What do you make of Sheldon Adelson’s crusade against Internet gambling?
He certainly has his right to spend his money and go after things he doesn’t like or does, for that matter. We find it disingenuous. He’s offering land-based casinos. We think it has more to do that he’s a bit out of touch with the Internet. This is going to happen. For us, we see this as we don’t want to be the next Borders Bookstore or Blockbuster Video. These were brick-and-mortar operations on many street corners throughout the country. In a decade’s time they’re obsolete. We offer land-based gaming and it’s important and we need to continue to improve and reinvent our offerings in the land-based world and we also have to accept the digital world and what that means to our business going forward. We see this clearly as something consumers are going to want and have already chosen in other industries – to move their business to a digital world. We just want to be prepared for that.
Are you counter-lobbying?
Yes, we have spent time and money educating lawmakers on the reality. Sheldon talks about underage kids and you can just quickly look at the year in New Jersey and not one of his fear-mongering claims has been proven correct. There’s been no underage gambling, there’s been no one stealing Dad’s credit card, there’s been no one from outside the state playing. None of these claims are happening. It’s more misinformation than accuracy and we’re glad that New Jersey and Nevada – like they were in land-based – have led the regulation of this activity and they can prove for all that it’s a safe activity that can be regulated and the concerns are less than they are in the land-based world.

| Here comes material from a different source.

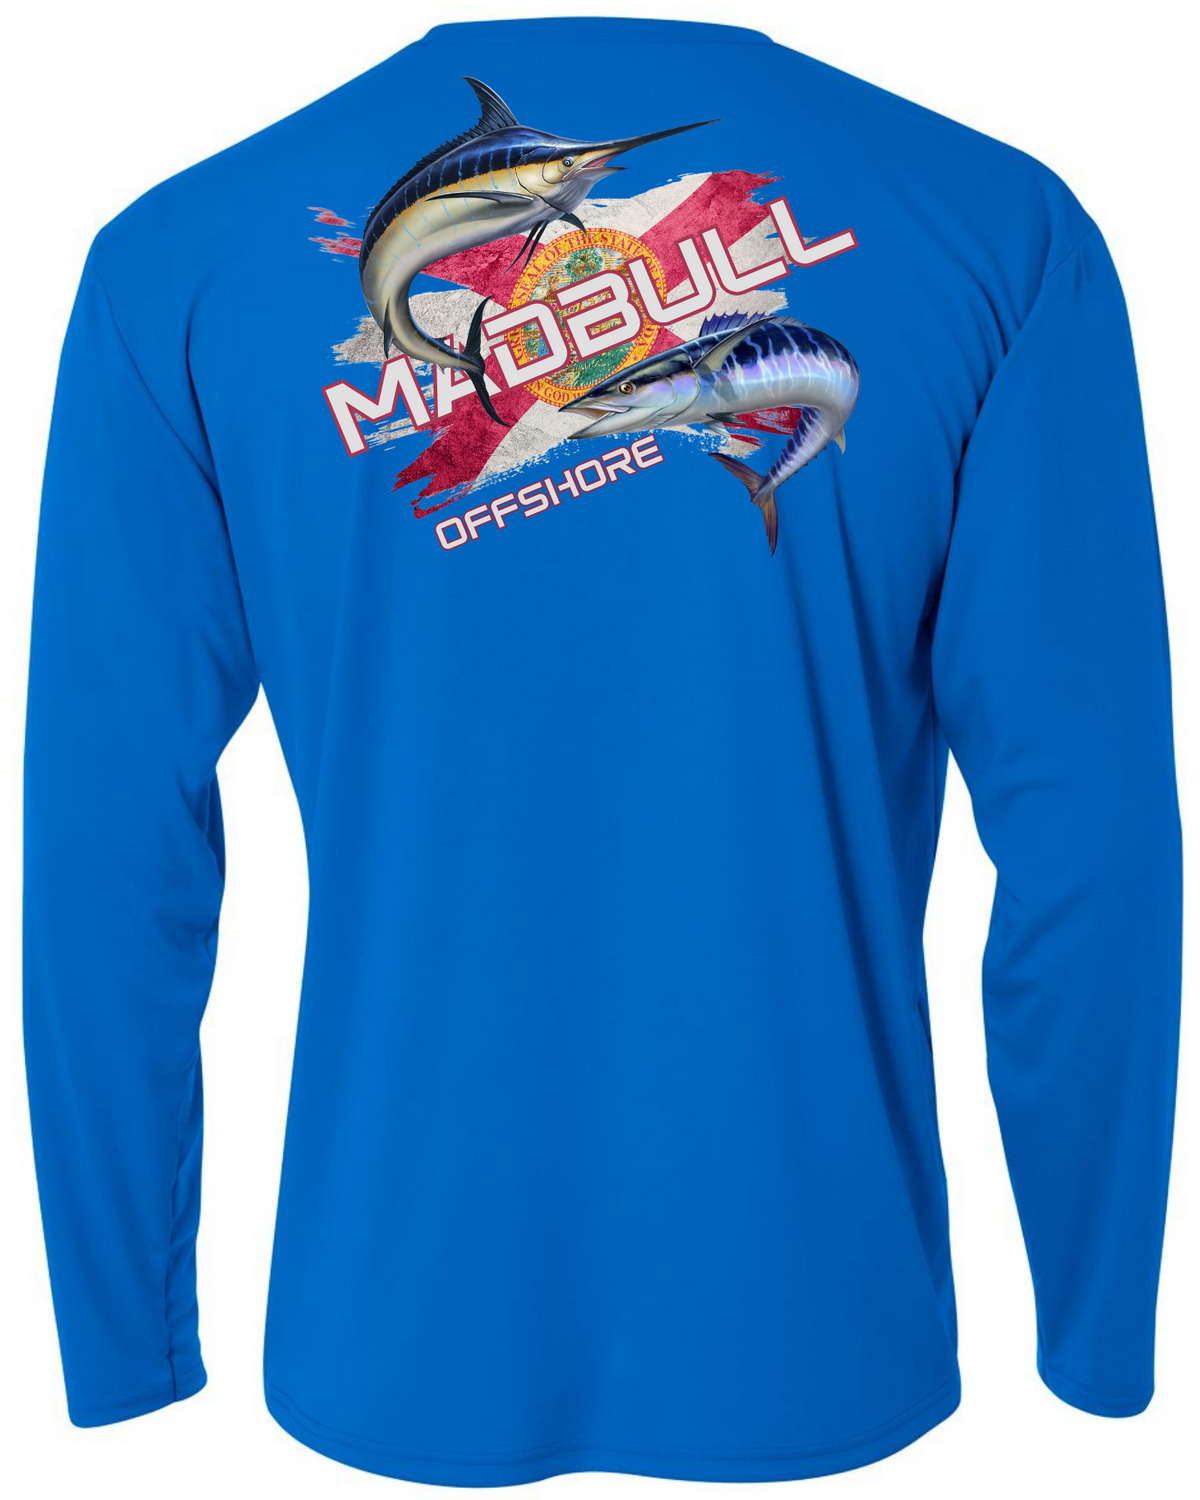 MadBull Florida Anglers Performance Fishing Shirt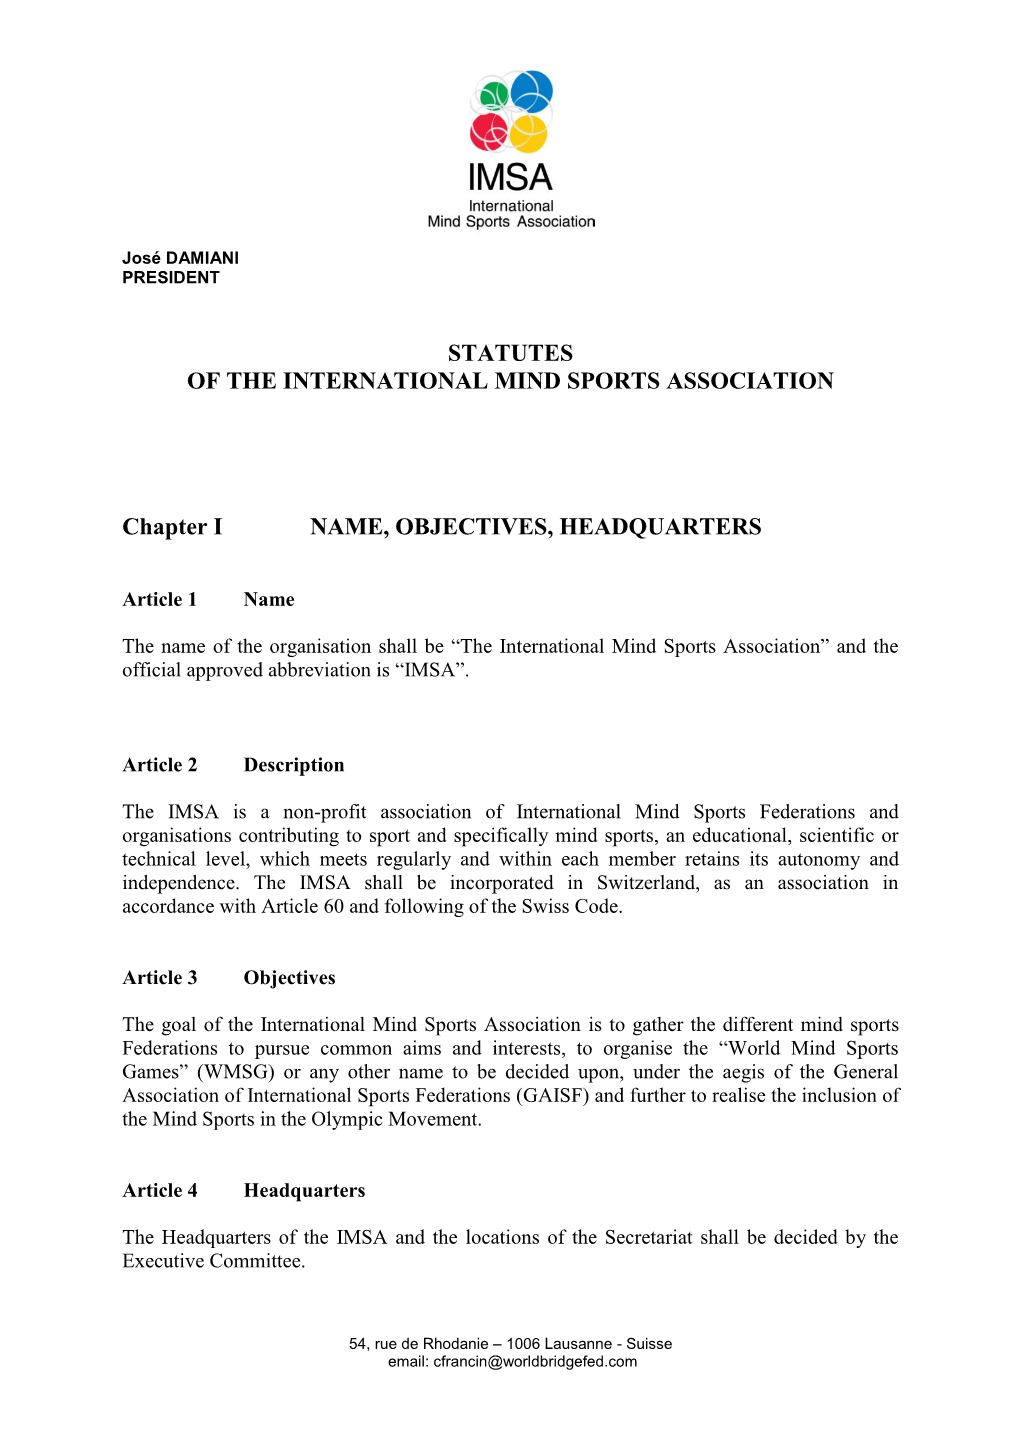 Statutes of the International Mind Sports Association

You can go right online to our site now and you can set limits. You can set deposit limits, betting limits, time limits – all sorts of things. [If] I want to play $20 a week betting and I lose $20, I want to be shut out … you can set that up. In the land-based environment, I can go into Sheldon’s casino and bet with him, and lose $20, and go to Atlantic City and walk in various other casinos. There’s no way to shut off in that regard as well as you can in online. This is the future and we’re not going to take the head-in-the-sand approach. We’re going to embrace it and try to offer consumers the best we can.
Are there major developments in I-gaming that we should be anticipating?
Clearly, there is a lot of attention all over the world on this activity and how to best regulate it. The Internet was created before government bodies had the chance to step in and set rules of the road, so to speak. Now it’s clear that we’re in the next decade of people studying this, analyzing it, trying to figure out what’s the best policy for their citizens and enacting legislation that reflects that. So you won’t mind mass expansion of this activity in the next decade in terms of the operators and offerings being put into it, but you will see a much clearer – instead of all these gray markets you’re going to have a lot of black-and-white markets. And that will sort of usher in the next era of operations and different games and entertainment offerings as the market matures and the economies of scale of markets being opened works. Delaware and Nevada have signed a pact to share their liquidity on poker. So this will be the first test inside the United States, and in fact the world, when it comes to regulated shared liquidity where two states with different laws are drawing up standards for this activity to regulate, license and tax it. That should come along in 2015 and provide a nice blueprint for how this can be done.
It’s hard. No one wants to overstep their boundaries, and the lawmakers and regulators are right here to baby-step their way into this, not to let this get too far out of line before they have a chance to look at this activity and monitor it. New Jersey’s doing that and Nevada’s doing that.